→ Task objective: Without the pictures, can you quote each line below exactly?

→ Data block:

━━━━━━

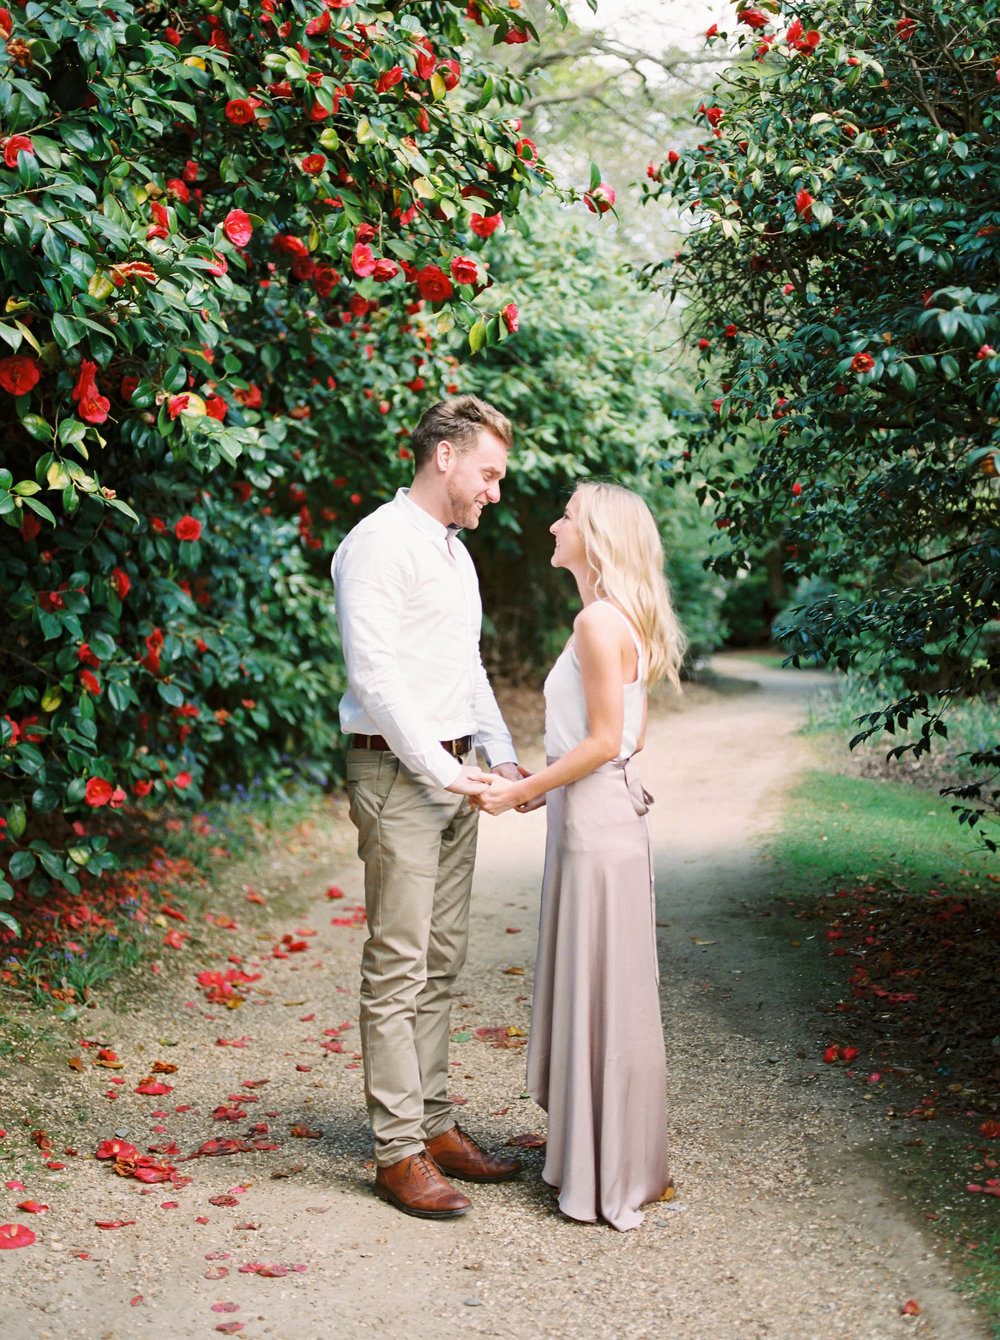 Amy O'Boyle Photography- Destination & UK Fine Art Film Wedding Photographer- Sheffield Park Garden National Trust Spring Engagement Shoot-1.jpg
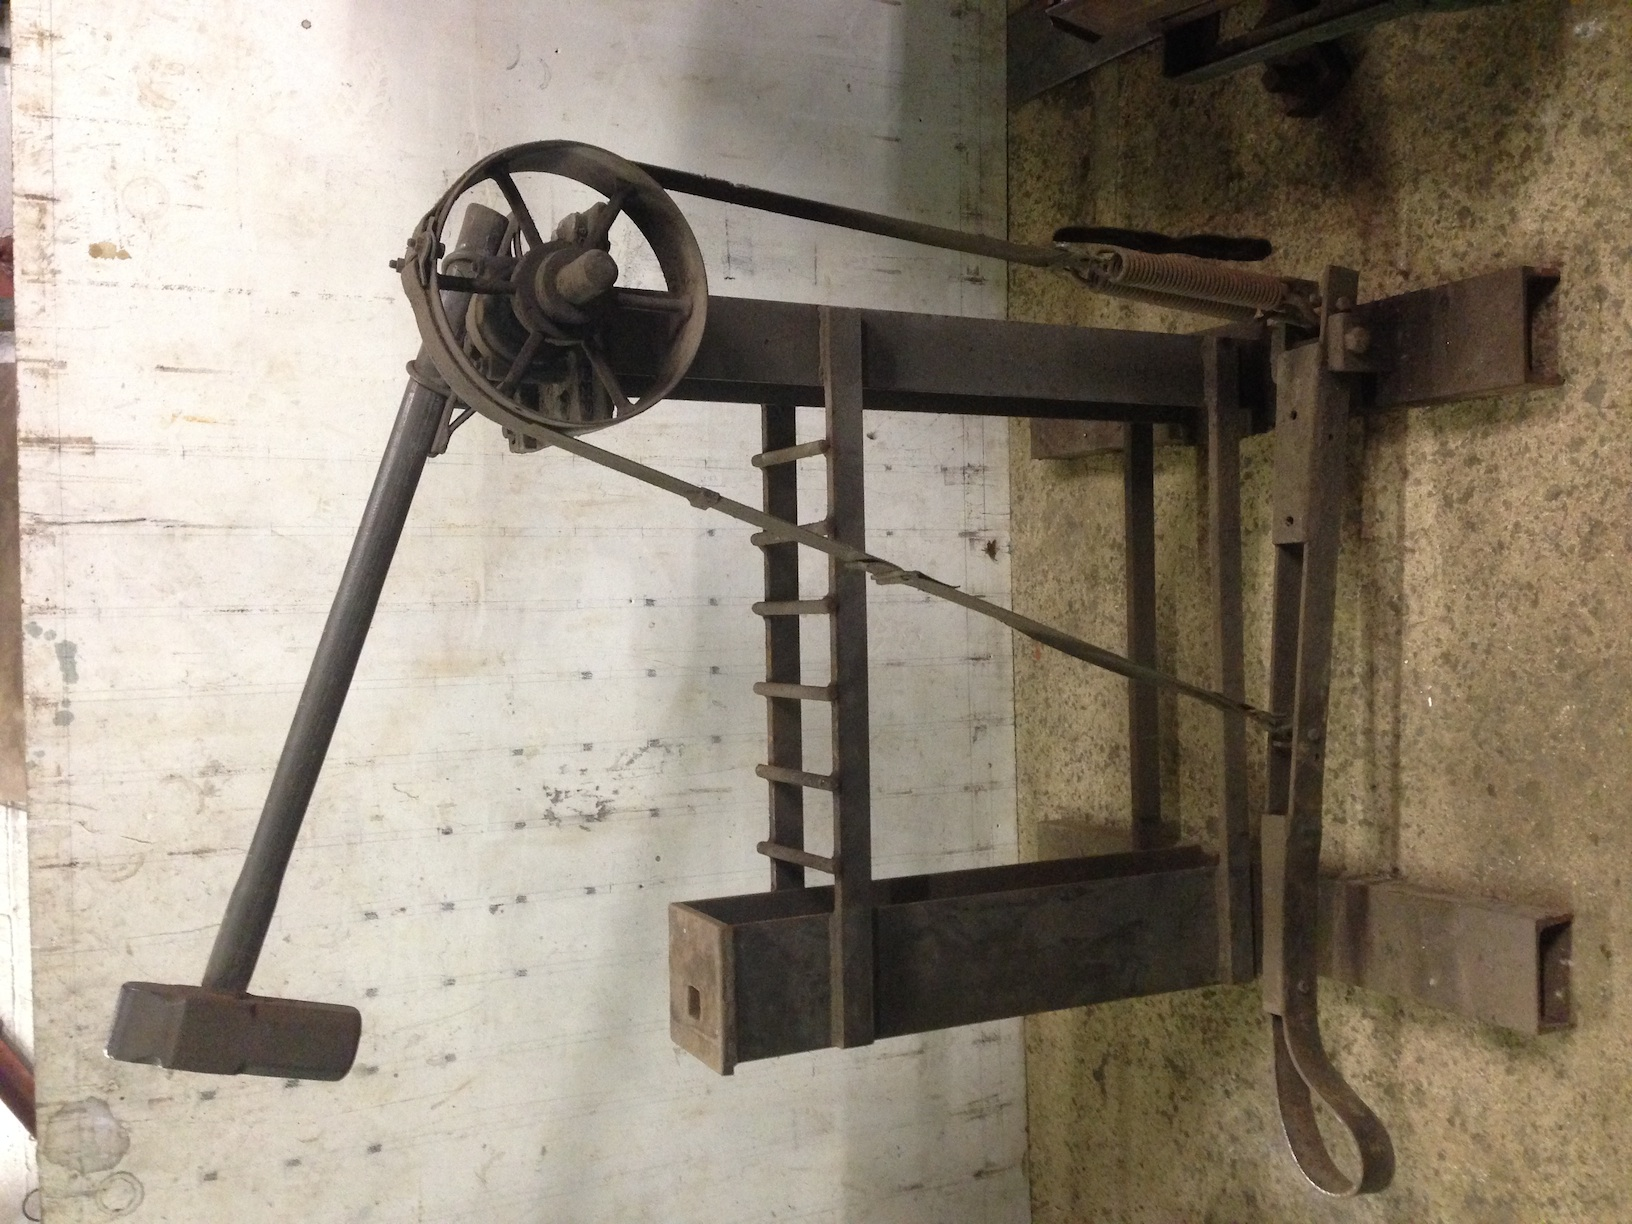 Treadle hammer mechanics? - Power Hammers, Treadle Hammers ...
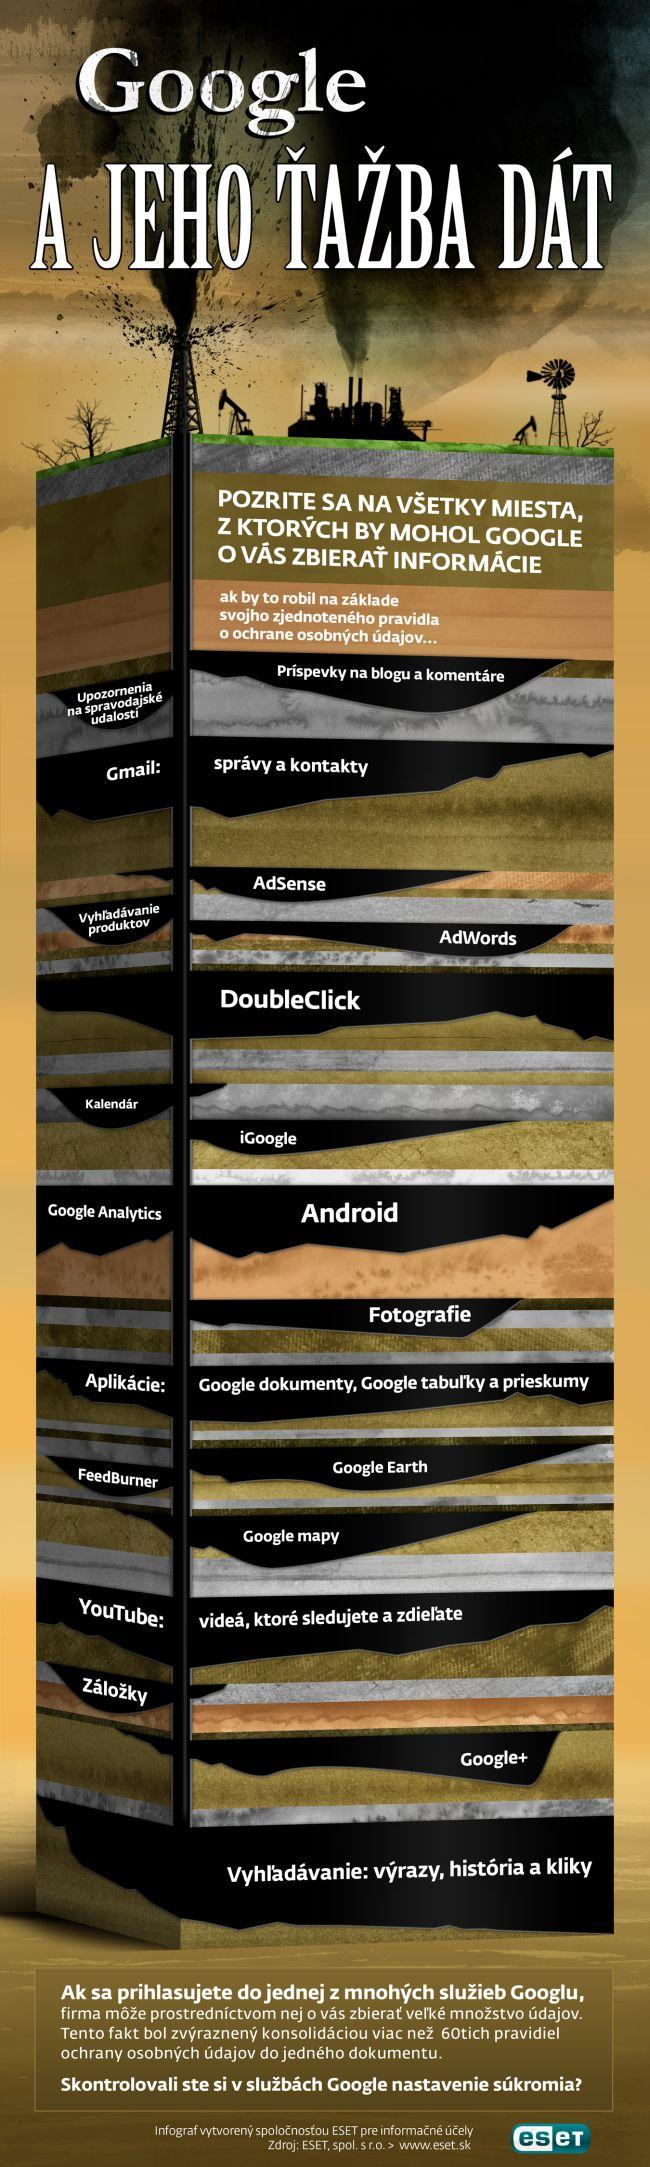 Google a jeho ťažba dát

━━━━━━

→ Final answer:
 Amy O'Boyle Photography- Destination & UK Fine Art Film Wedding Photographer- Sheffield Park Garden National Trust Spring Engagement Shoot-1.jpg
 Treadle hammer mechanics? - Power Hammers, Treadle Hammers ...
 Google a jeho ťažba dát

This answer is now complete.